Status: Planned — This feature is on the roadmap and not yet implemented. The architecture below describes the intended design.

Chat Import -- Implementation Plan

Phase 1: ChatGPT Import (Biggest Market Right Now)

Target: 2 weeks

This is where the users are. The QuitGPT movement is real, the export format is well-documented, and ChatGPT users have the deepest conversation histories.

Week 1: Core Pipeline

API Endpoints & Models

// DTOs
public record ImportUploadResponse(Guid ImportId, string Status, int ConversationCount, int MessageCount);
public record ImportStatusResponse(Guid ImportId, string Status, string SourceProvider, int ConversationCount, int MessageCount, DateTime CreatedAt, DateTime? CommittedAt, string? Error);
public record ImportPreviewResponse(Guid ImportId, ImportedIdentityProfile Identity, List<ExtractedDataItem> Facts, List<ExtractedDataItem> Memories, List<ExtractedDataItem> Preferences);
public record ExtractedDataItem(long Id, string DataType, string Key, JsonElement Value, float Confidence, bool? Approved);
public record ImportCommitRequest(List<long> ApprovedItemIds);
public record ImportCommitResponse(Guid ImportId, Guid IdentityId, string ApiKey, int MemoriesCreated, int FactsStored);

public record ImportedIdentityProfile
{
    public string? DisplayName { get; init; }
    public string? CommunicationStyle { get; init; }  // "casual", "formal", "technical"
    public string? Verbosity { get; init; }            // "concise", "moderate", "detailed"
    public List<string> ExpertiseDomains { get; init; }
    public List<string> FrequentTopics { get; init; }
    public string? InteractionStyle { get; init; }     // "collaborative", "directive", "exploratory"
}

Endpoints

POST   /api/import/upload
  - Accept: multipart/form-data
  - Body: file (ZIP or JSON), optional: displayName
  - Auth: optional (can import before account creation)
  - Returns: ImportUploadResponse
  - Kicks off background processing

GET    /api/import/{importId}
  - Returns: ImportStatusResponse
  - Poll this for processing status

GET    /api/import/{importId}/preview
  - Returns: ImportPreviewResponse
  - Only available when status = "ready_for_review"

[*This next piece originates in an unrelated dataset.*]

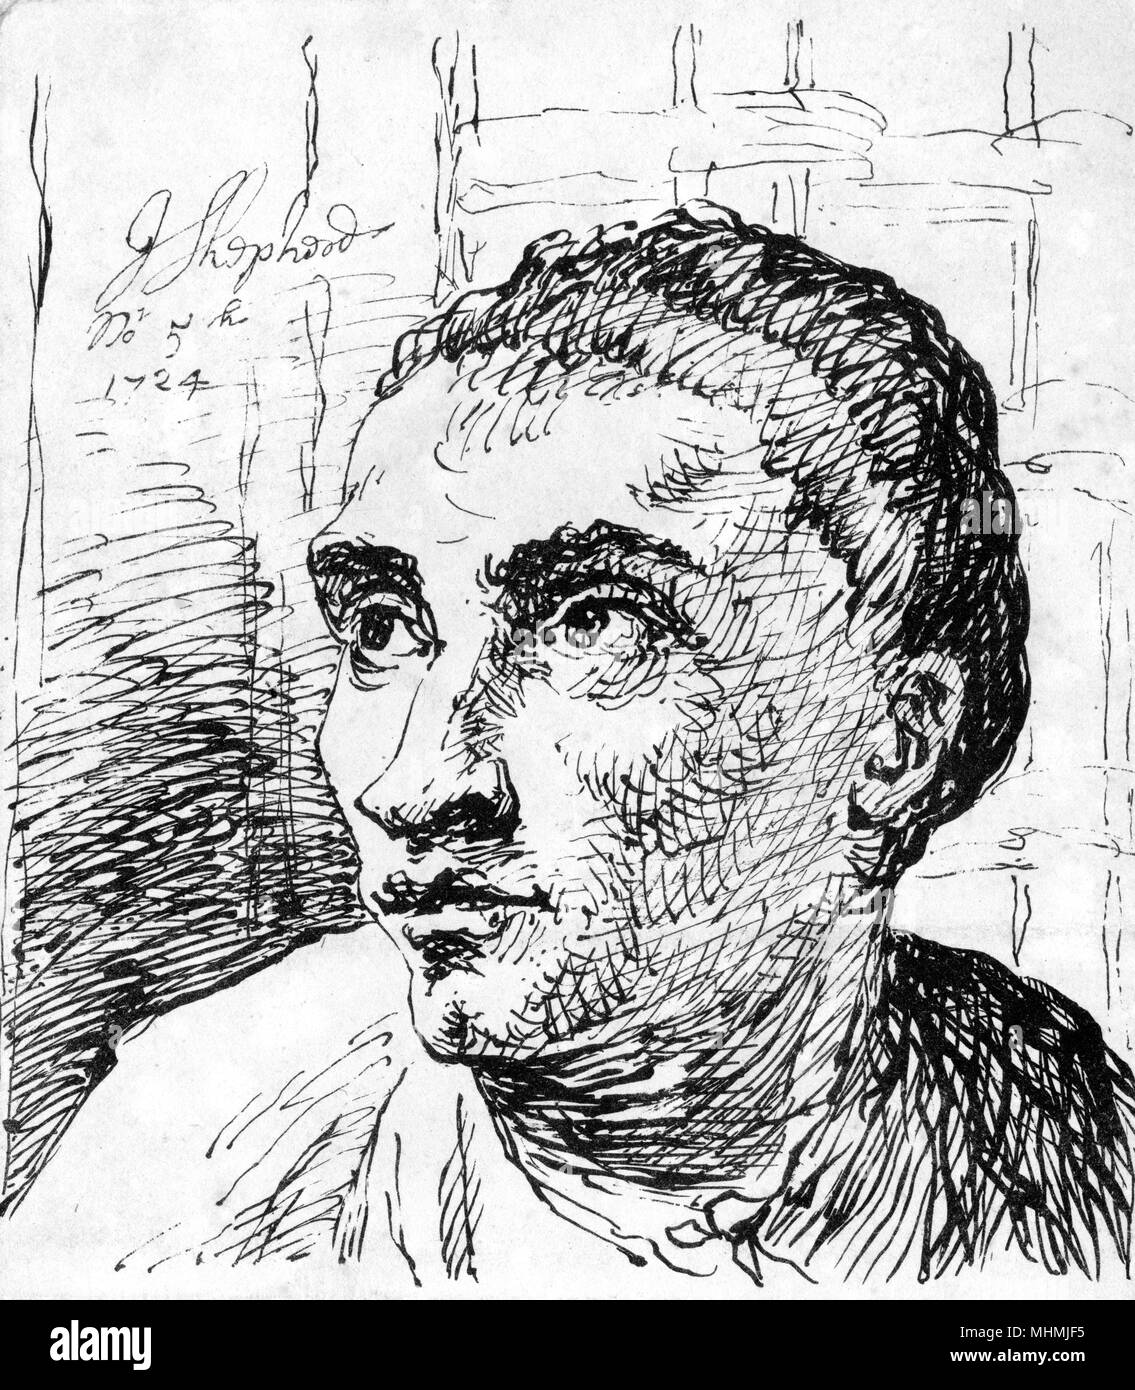 Jack Sheppard (1702-1724); inglese ladro; impegnato quasi quotidianamente le rapine in o vicino a Londra. Catturati attraverso Jonathan Wild. Audace scappa dalla prigione di Newgate; impiccato. Data: 1724 Immagini Stock

PATCH  /api/import/{importId}/preview
  - Body: list of { id, approved: bool } decisions
  - Updates approval status on extracted data items

POST   /api/import/{importId}/commit
  - Body: ImportCommitRequest (list of approved item IDs)
  - Creates identity, seeds memories, generates API key
  - Returns: ImportCommitResponse

DELETE /api/import/{importId}
  - Soft-deletes import and all associated data

ChatGPT Parser

public class ChatGptParser : IImportParser
{
    public string Provider => "chatgpt";

    public bool CanParse(ZipArchive archive)
    {
        // Check for conversations.json + chat.html (ChatGPT signature)
        var hasConversations = archive.GetEntry("conversations.json") != null;
        var hasChatHtml = archive.GetEntry("chat.html") != null;
        return hasConversations && hasChatHtml;
    }

    public async Task<List<NormalizedConversation>> ParseAsync(ZipArchive archive)
    {
        // 1. Read conversations.json
        // 2. For each conversation, walk the mapping tree from root to current_node
        // 3. Extract messages in order, resolve branches (follow current_node path)
        // 4. Convert Unix timestamps to DateTime
        // 5. Map author.role: "user" -> "user", "assistant" -> "assistant", "system" -> "system"
        // 6. Extract content from parts[] array (join text parts, note non-text parts)
        // 7. Return NormalizedConversation list
    }
}

Tree walking algorithm (ChatGPT's mapping is a tree, not a list):

Find the root node (node with no parent or parent is null)
Follow children arrays, always picking the child that leads to current_node
This gives the "as experienced" conversation path, ignoring edited/regenerated branches
Optionally preserve branches as metadata (edited messages are interesting signal)

Database Migrations

-- imports, import_extracted_data, import_conversations tables
-- As specified in chat-import.md
-- Add indexes:
CREATE INDEX idx_imports_tenant_id ON imports(tenant_id);
CREATE INDEX idx_imports_status ON imports(status);
CREATE INDEX idx_import_extracted_data_import_id ON import_extracted_data(import_id);
CREATE INDEX idx_import_conversations_import_id ON import_conversations(import_id);

Week 2: Analysis Pipeline & Review UI

Analysis Prompts (Kael / Qwen 30B)

Each prompt processes a batch of ~20 normalized conversations. All prompts return structured JSON.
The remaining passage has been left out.